The Genome Defense: Inside the Epic Legal Battle to Determine Who Owns Your DNA by Jorge L. Contreras

The Genome Defense: Inside the Epic Legal Battle to Determine Who Owns Your DNA by Jorge L. Contreras

Author:Jorge L. Contreras [Contreras, Jorge L.]
Language: eng
Format: epub
Tags: law, Science & Technology, science, Life Sciences, Genetics & Genomics, Technology & Engineering, Biomedical
ISBN: 9781643752150
Google: ErUdEAAAQBAJ
Publisher: Algonquin Books
Published: 2021-10-26T23:35:54.201442+00:00


Shooting at the King

Coupled with Rader’s comments at Fordham, the BIO speech made it clear to Ravicher that Judge Rader—now Chief Judge Rader—did not think much of the district court opinion in Myriad. In fact, it seemed that he had already made up his mind that Judge Sweet was wrong. Which was a problem, given that the case was being appealed to the court over which Rader now presided.

Chris Hansen agreed. There were rules of judicial conduct that couldn’t be ignored. Judges weren’t supposed to decide cases until the parties had submitted their briefs and argued their positions. If a judge pre-decided a case, he was clearly biased. And federal law required that a judge must disqualify himself “in any proceeding in which his impartiality might reasonably be questioned.” This seemed like such a case.

So Hansen and Ravicher filed a motion with the Federal Circuit seeking to have Chief Judge Rader recused from any involvement in their case. The move was a risky one, as it was not yet known which of the twelve circuit judges would be assigned to the three-person panel that would hear the case. Those assignments were random, and not revealed until the morning of the oral arguments. But by then it would be too late, so they had to oppose Judge Rader’s involvement now, before the panels were assigned.

Ravicher and Hansen’s motion argued that “Chief Judge Rader’s statements in this case have created an appearance of partiality that calls into question his ability to engage in impartial legal analysis based on the record and the argument of the parties.” They also accused him of violating the Code of Conduct for United States Judges, which states that “A judge should avoid public comment on the merits of a pending or impending action.” These were fighting words. They called into question Rader’s judicial impartiality, the very core of a judge’s reputation. On the battlefield of litigation, this was a nuclear option.

Castanias was puzzled and surprised by the unorthodox motion. Such tactics were direct challenges to judicial discretion—bad practice for someone who regularly appears before the court. In his brief opposing the motion, he argued that Rader’s comments at Fordham and BIO were general opinions about the state of the law, not specific opinions on the case. Nothing that Rader said at either conference implied that he had pre-judged the case, which was about DNA, not bottled water. The Federal Circuit Bar Association also weighed in against the recusal motion. They were concerned that such a motion could discourage judges from participating in public conferences like Fordham and BIO—a development that would hurt both the judiciary and the bar (and conference organizers like themselves).

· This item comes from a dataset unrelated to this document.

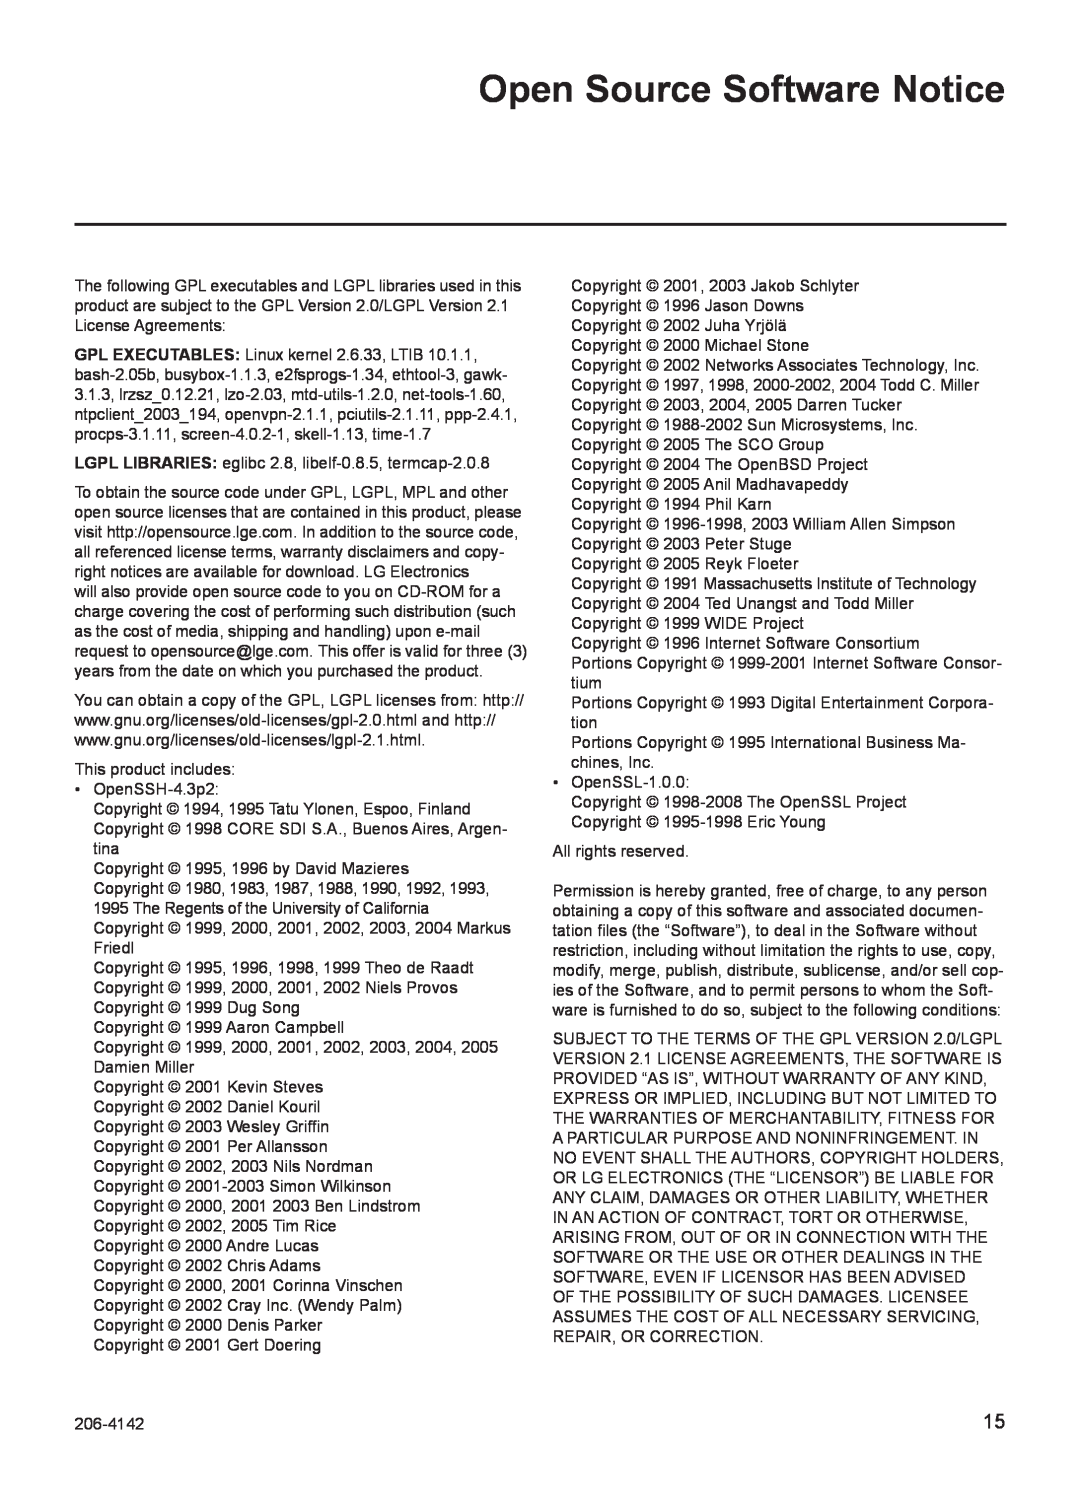 LG Electronics PCS100R setup guide Open Source Software Notice

Rader, privately seething, did not publicly comment on the recusal motion.

Yet the Federal Circuit never ruled on the motion. The court docket simply noted that the panel for the case had not yet been assigned, and that if Chief Judge Rader were on it, the motion would be then considered.

Castanias was not surprised. At Jones Day they had a saying—“If you are going to shoot at the king, you had best kill him.